Her mother had raised her to be smarter than this. Never get into a car with a strange man. Certainly don’t accompany that strange man back to his “place,” which, if you were foolish enough to do so, would presumably be the place your body was found. Alice Clark was not the kind of girl who made foolish decisions. Karen Clark had made sure of it. But in this city, Karen Clark had been someone else. Maybe, for this one
night, this one decision, Alice could be, too.
* * *
It had to be someone else who let him yank her out of the taxi without paying, darted with him around a corner, behind a hedge, where they listened to the cab driver’s cursing and the silence left in his squealing tires’ wake. It could not have been Alice Clark who allowed herself to be guided into a small apartment over some garage in a suburb somewhat shittier than the widow’s. He had Penn written all over him, too, but it turned out he was a barista at some vegan coffee shop serving soy drinks to students, trying to make art from a collection of decrepit film cameras and a bathtub-cum-darkroom, living rent-free over his parents’ garage. He was a twenty-four-year-old high school dropout—fall-out, he said, plunge-out, take-a-flying-leap-over-the-cliff-out. He had been sober for a year if you didn’t count the pot, which he didn’t. He was serious about his sobriety, as he was about little else. The pot took the edge off. And the edge was sharp.

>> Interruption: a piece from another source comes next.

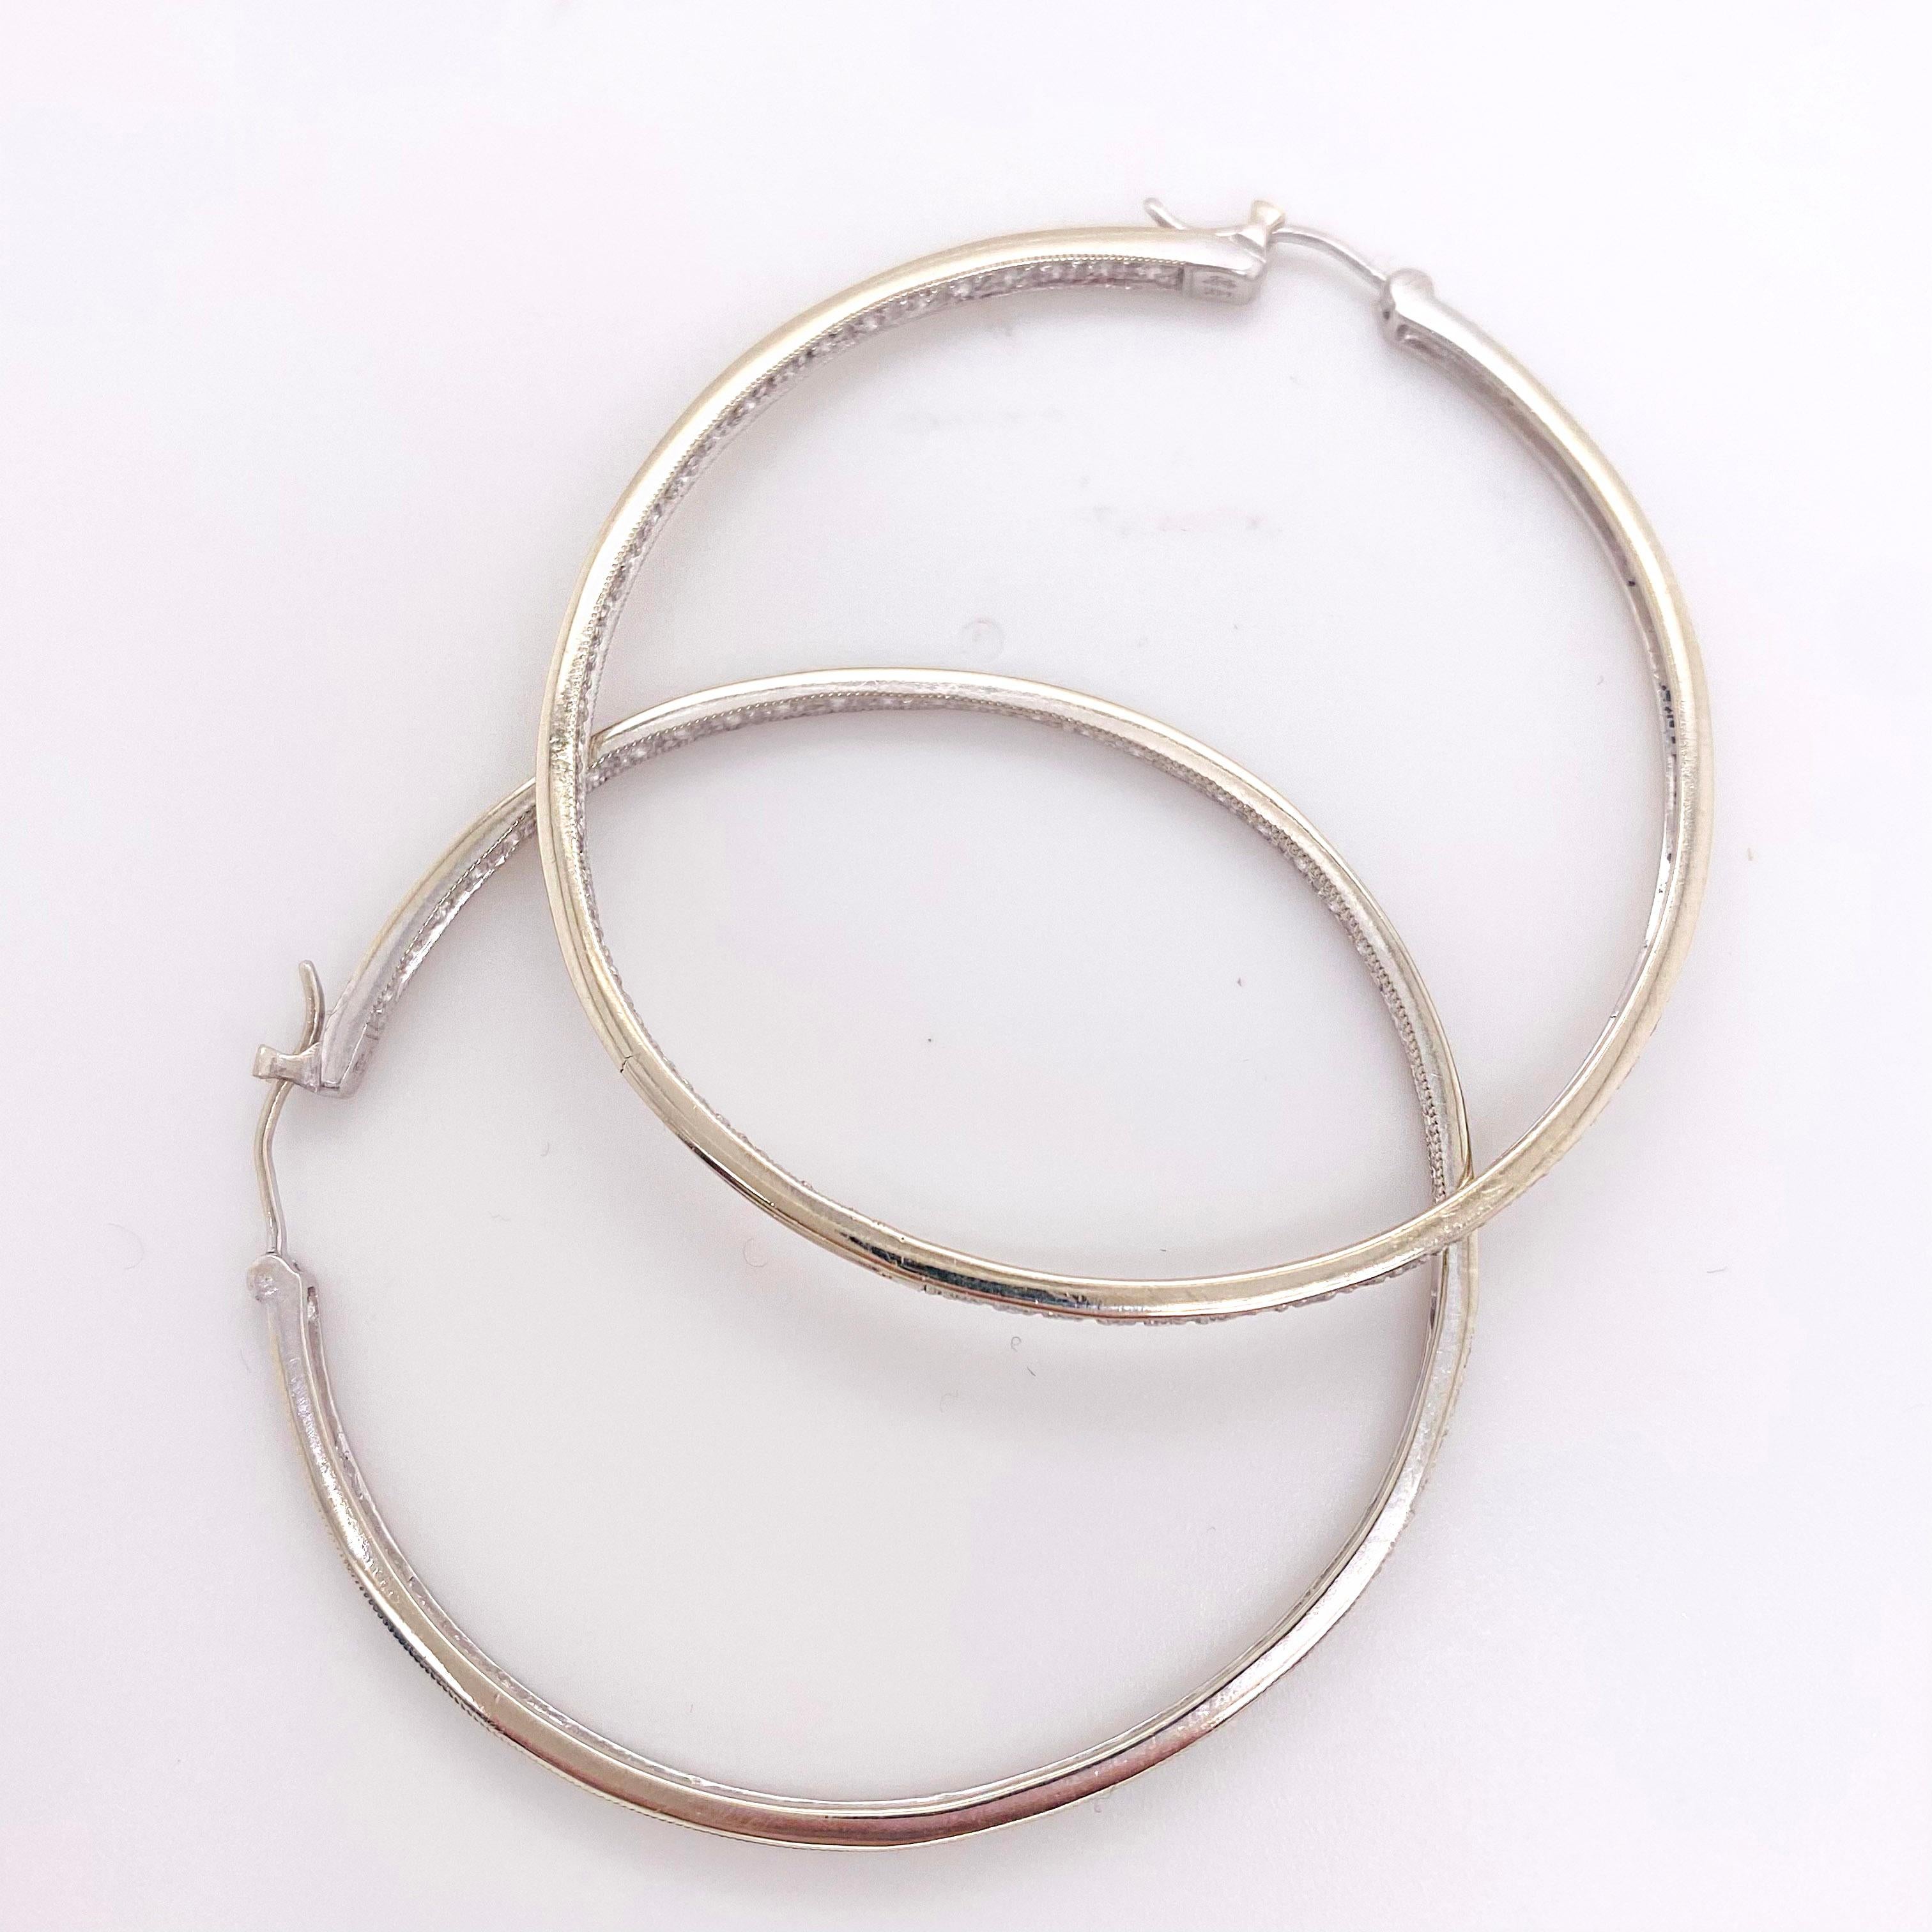 Contemporary Diamond Hoop Earrings, White Gold, Inside Out Hoops For Sale
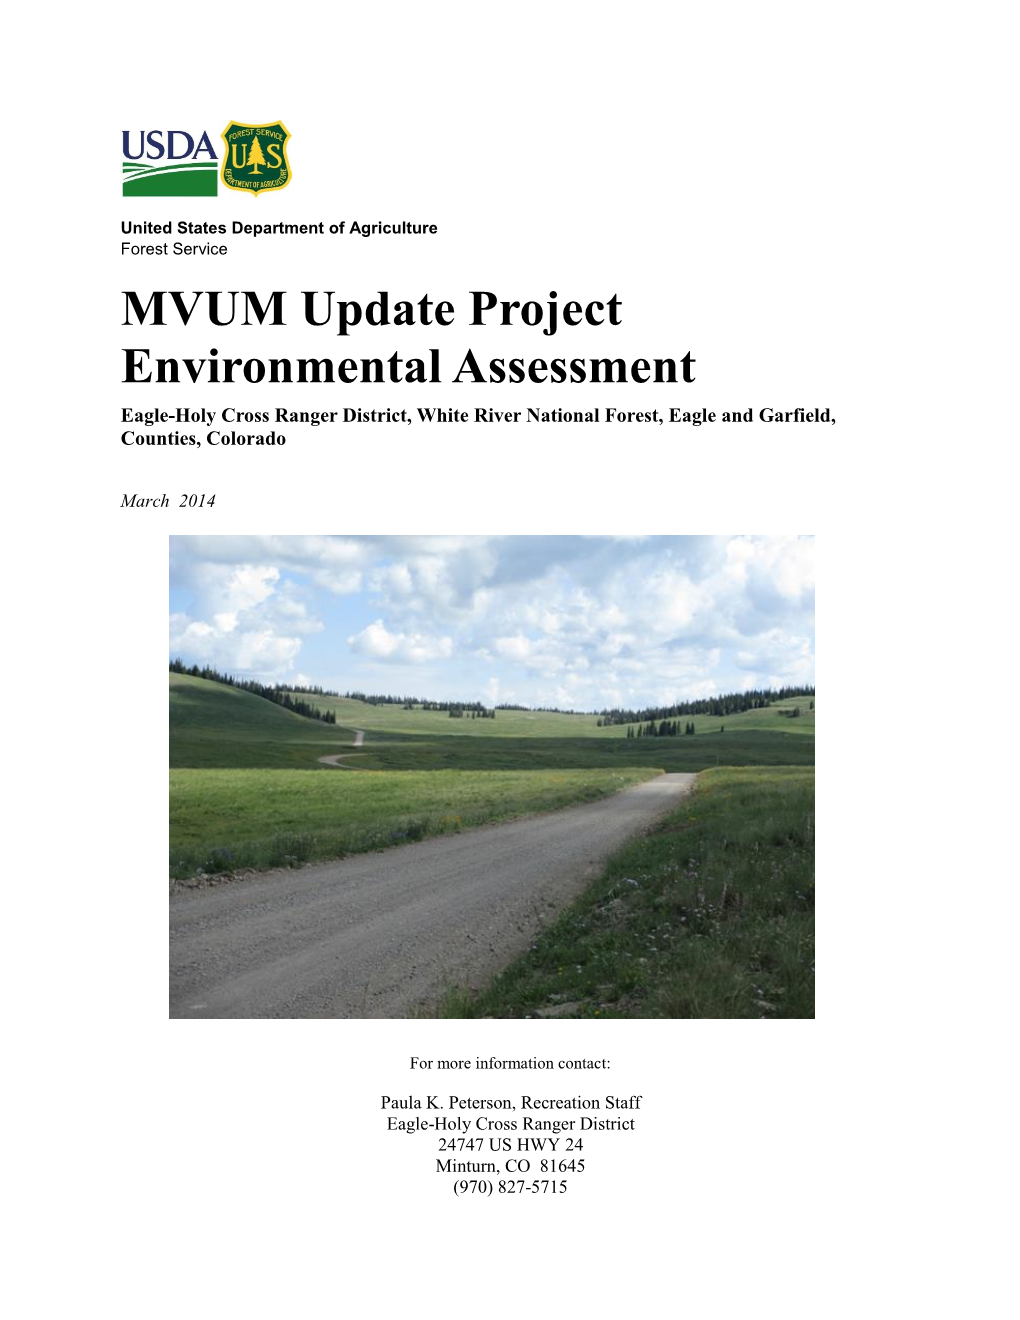 MVUM Update Project Environmental Assessment Eagle-Holy Cross Ranger District, White River National Forest, Eagle and Garfield, Counties, Colorado

He called her A. She told him she was twenty-two, and he believed it, or said he did. There was an old bottle of Absolut in his kitchen that he said he only kept to remind himself that things can always get worse, and she said she believed him, then she unscrewed the cap and took a large swallow. He said, you’re going to be very bad for me, then he said, just one fucking taste, and kissed her, tongue probing deep enough that she knew his need was neither feigned nor for her, so she took another swill and let him kiss her again, and he didn’t know anything about her, believed she was someone else, which made it feel, in the best way, like she wasn’t even there. She was a girl no one was watching; she was invisible and could do as she pleased, or even simpler, as he did.